§ Supplied material

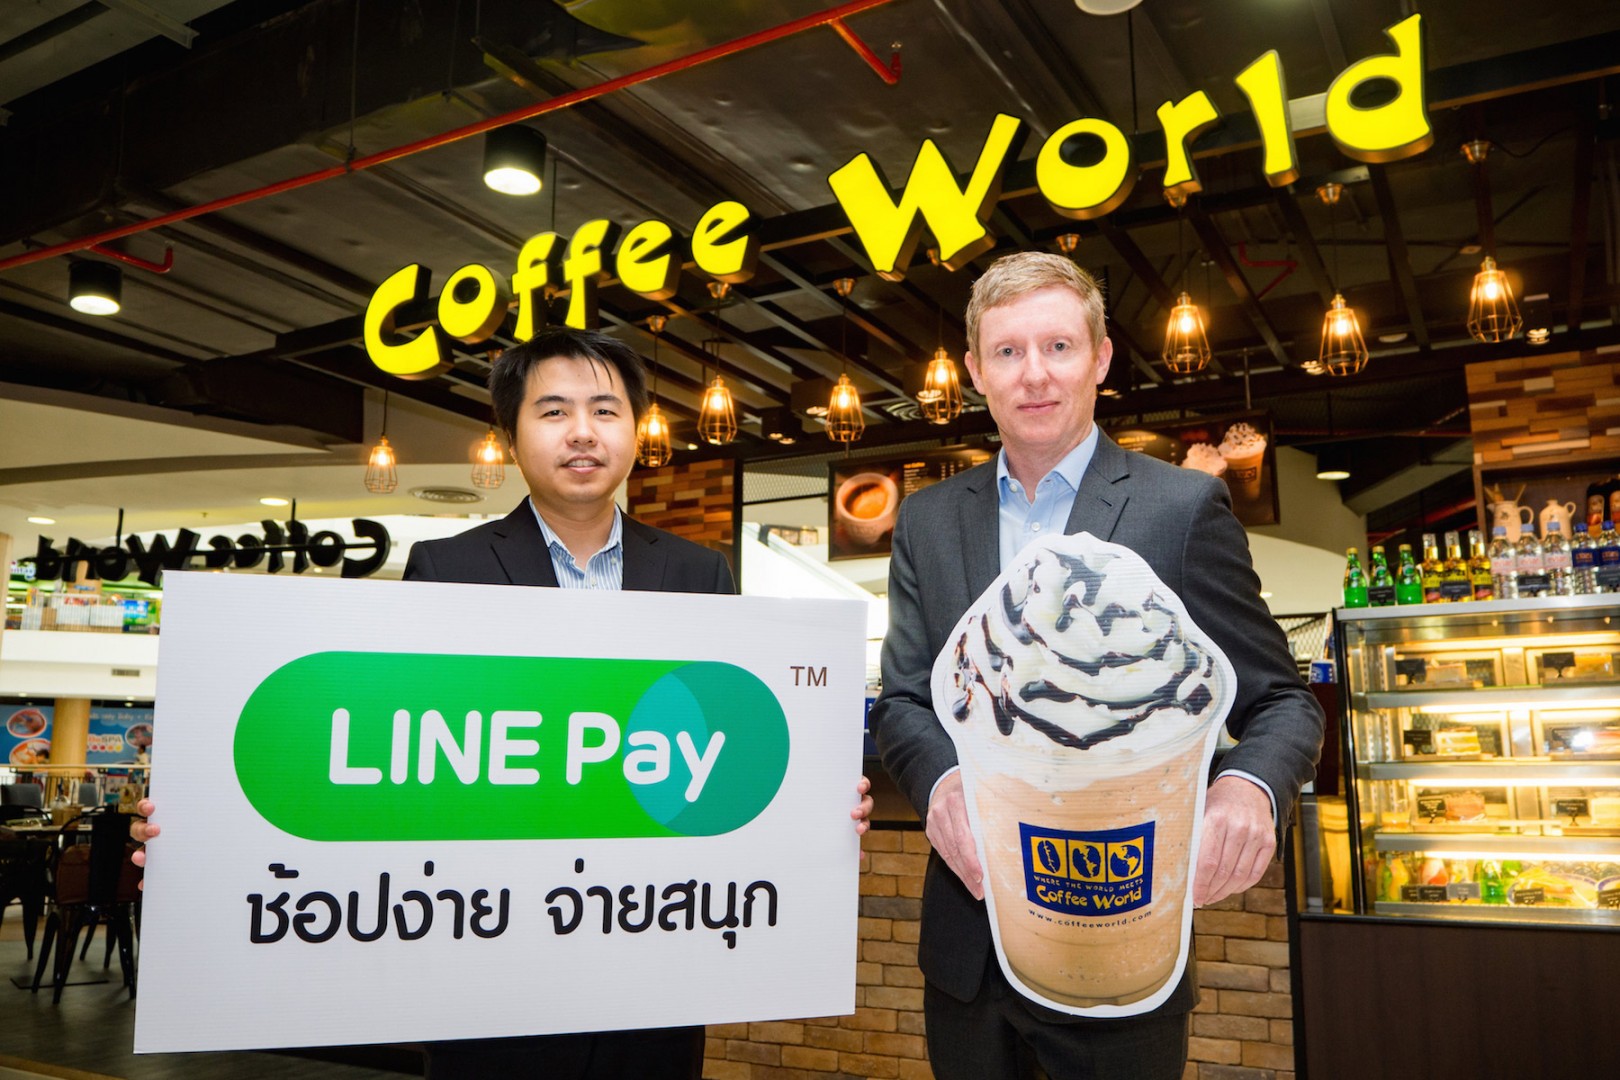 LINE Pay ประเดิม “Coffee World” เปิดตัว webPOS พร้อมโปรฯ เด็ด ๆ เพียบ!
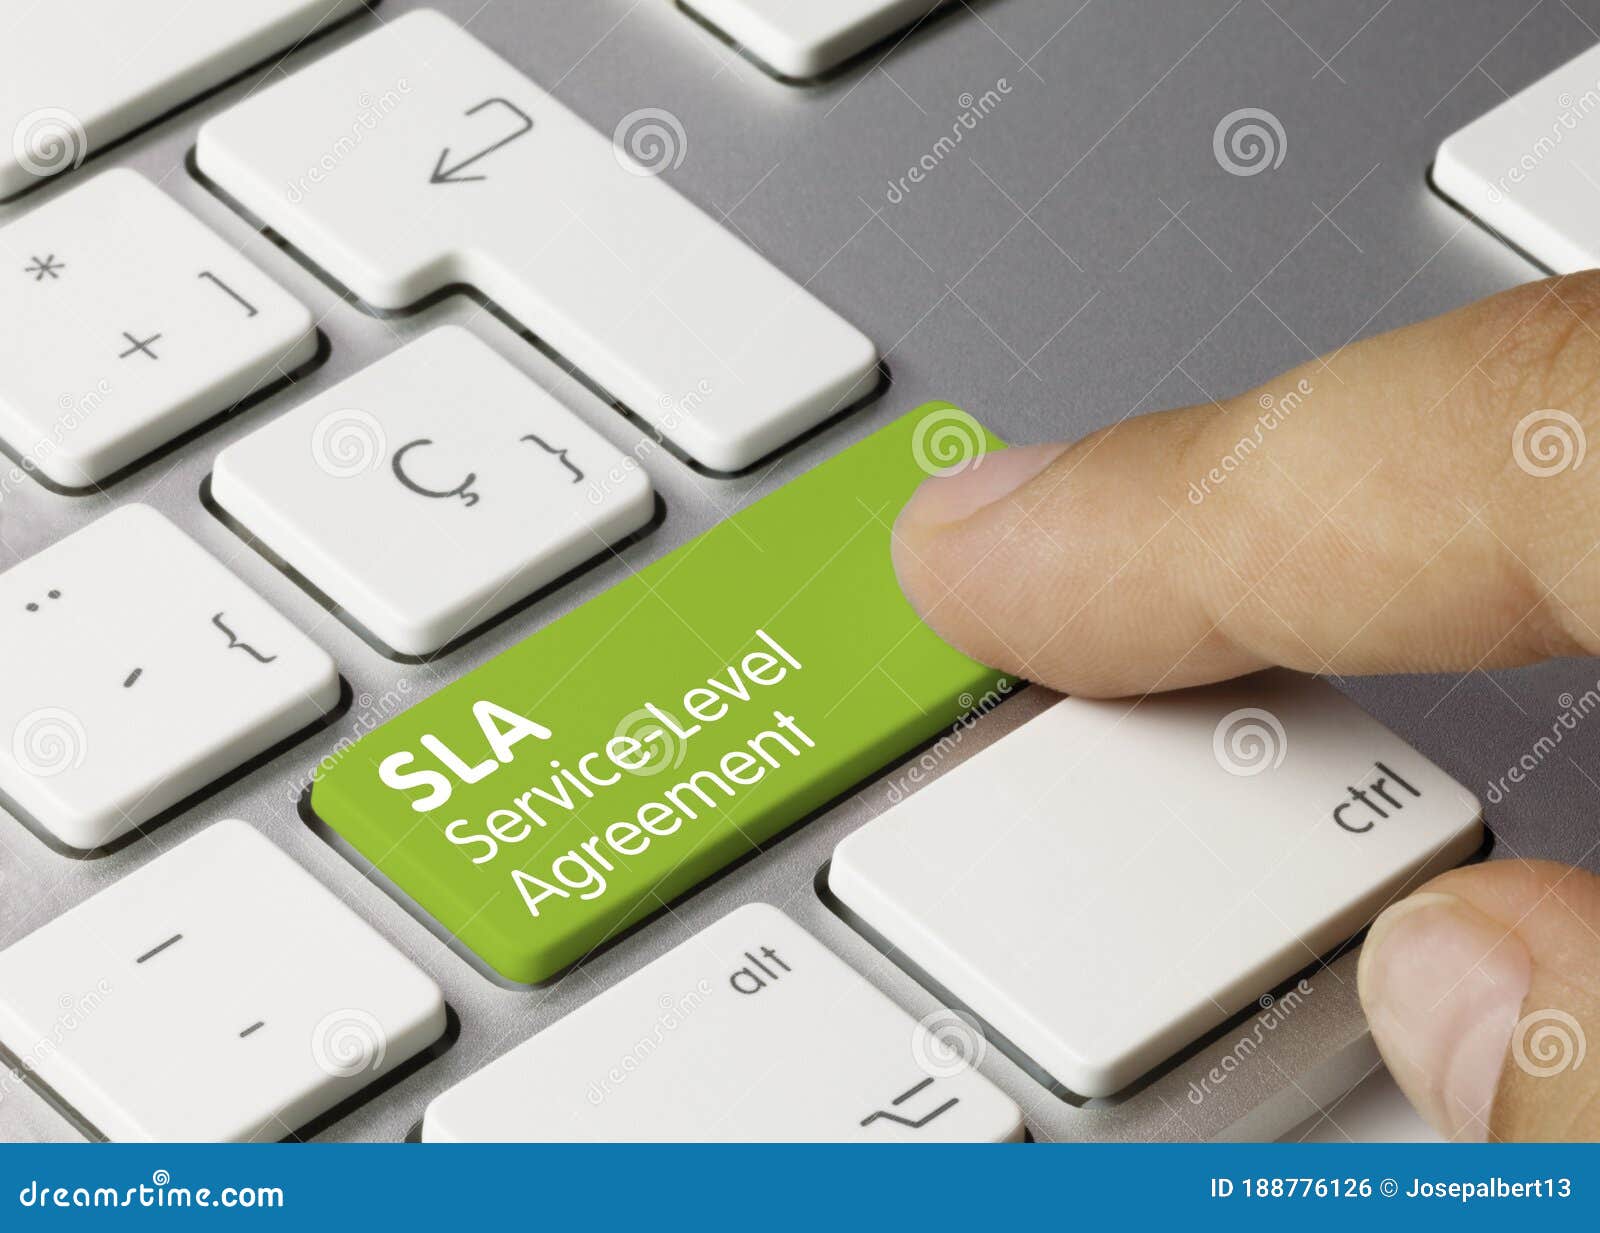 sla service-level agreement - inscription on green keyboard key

==

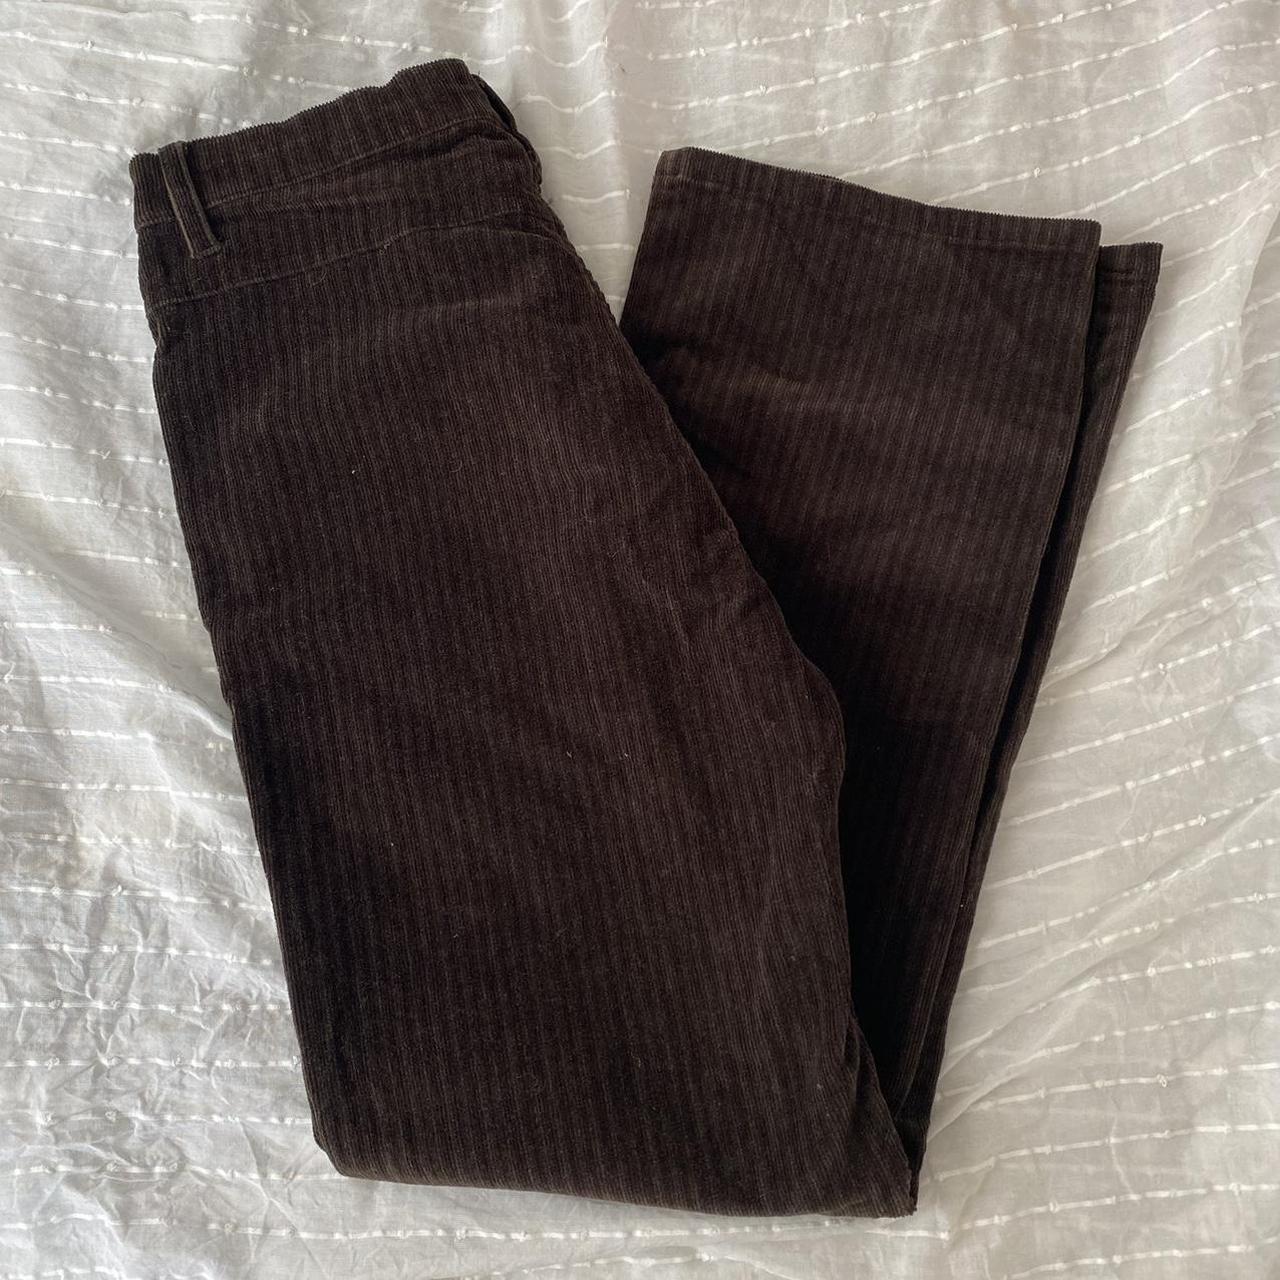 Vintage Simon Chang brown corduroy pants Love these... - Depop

--

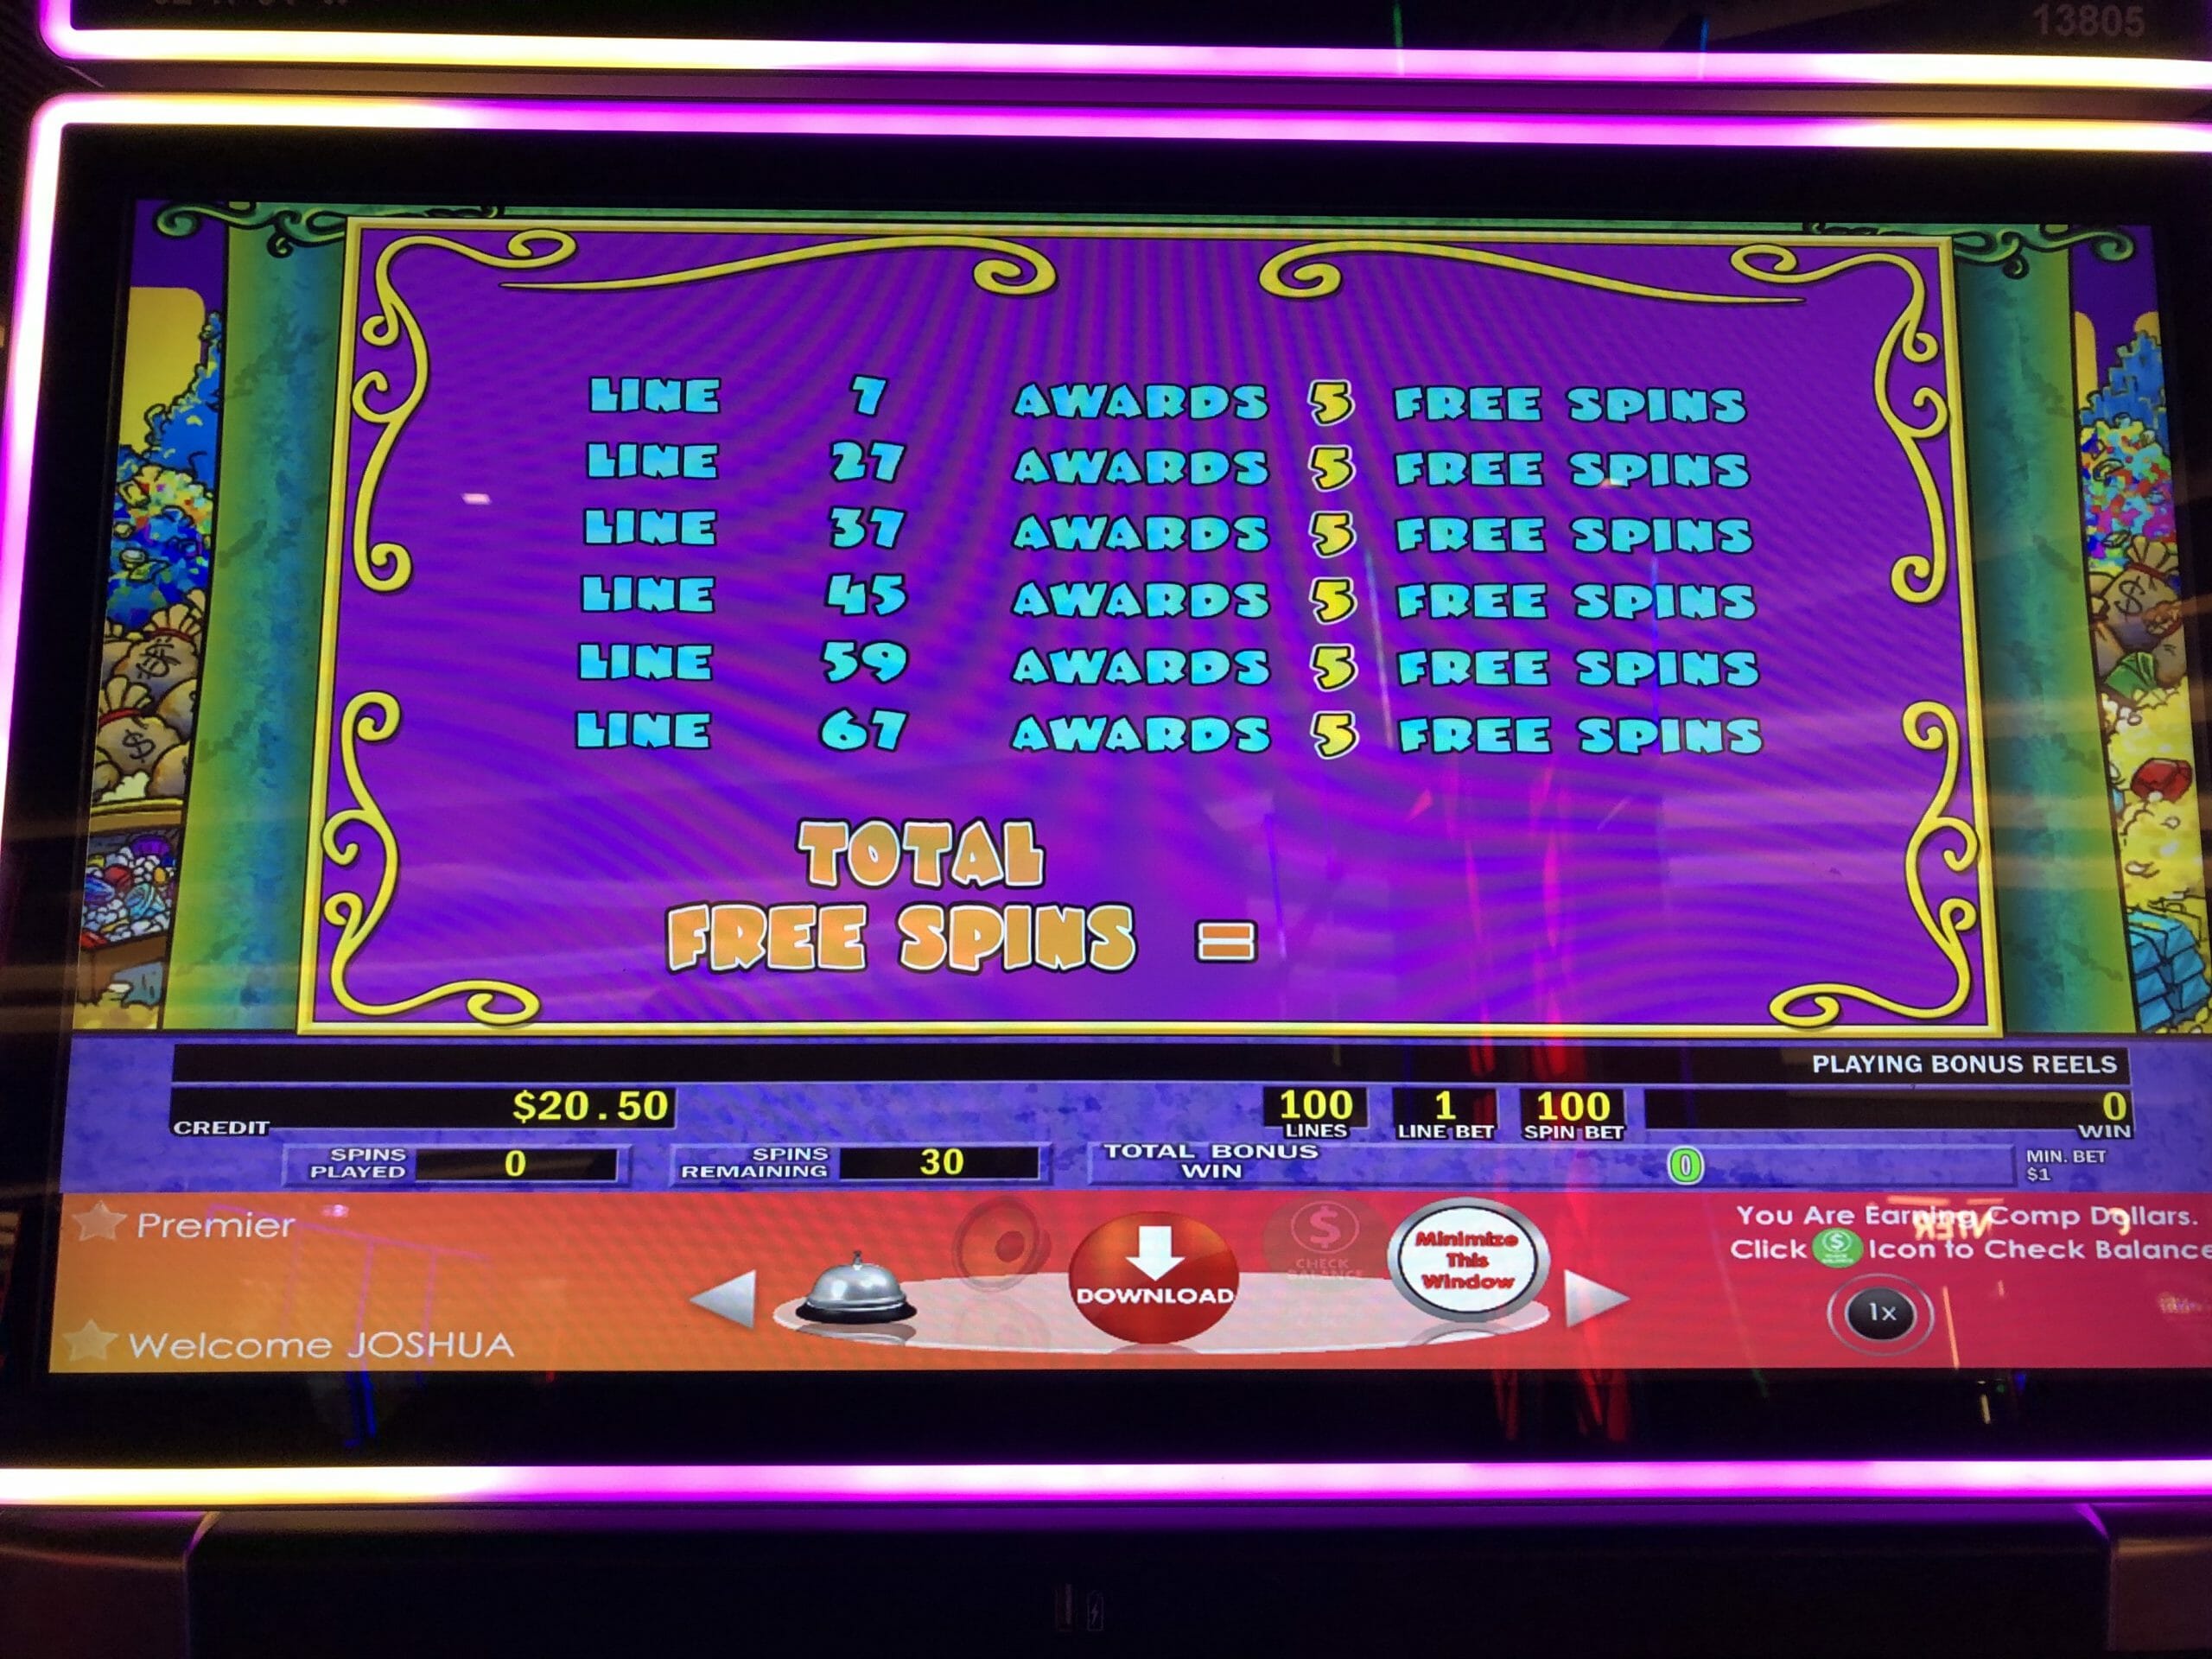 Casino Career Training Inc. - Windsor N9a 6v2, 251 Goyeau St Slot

§ What is needed
Using the entries above, write out exactly the lines from the one with "LINE Pay ประเดิม" through the one with "sla service-level agreement", ends included. Leave out any pictures.

§ Task output
 LINE Pay ประเดิม “Coffee World” เปิดตัว webPOS พร้อมโปรฯ เด็ด ๆ เพียบ!
 sla service-level agreement - inscription on green keyboard key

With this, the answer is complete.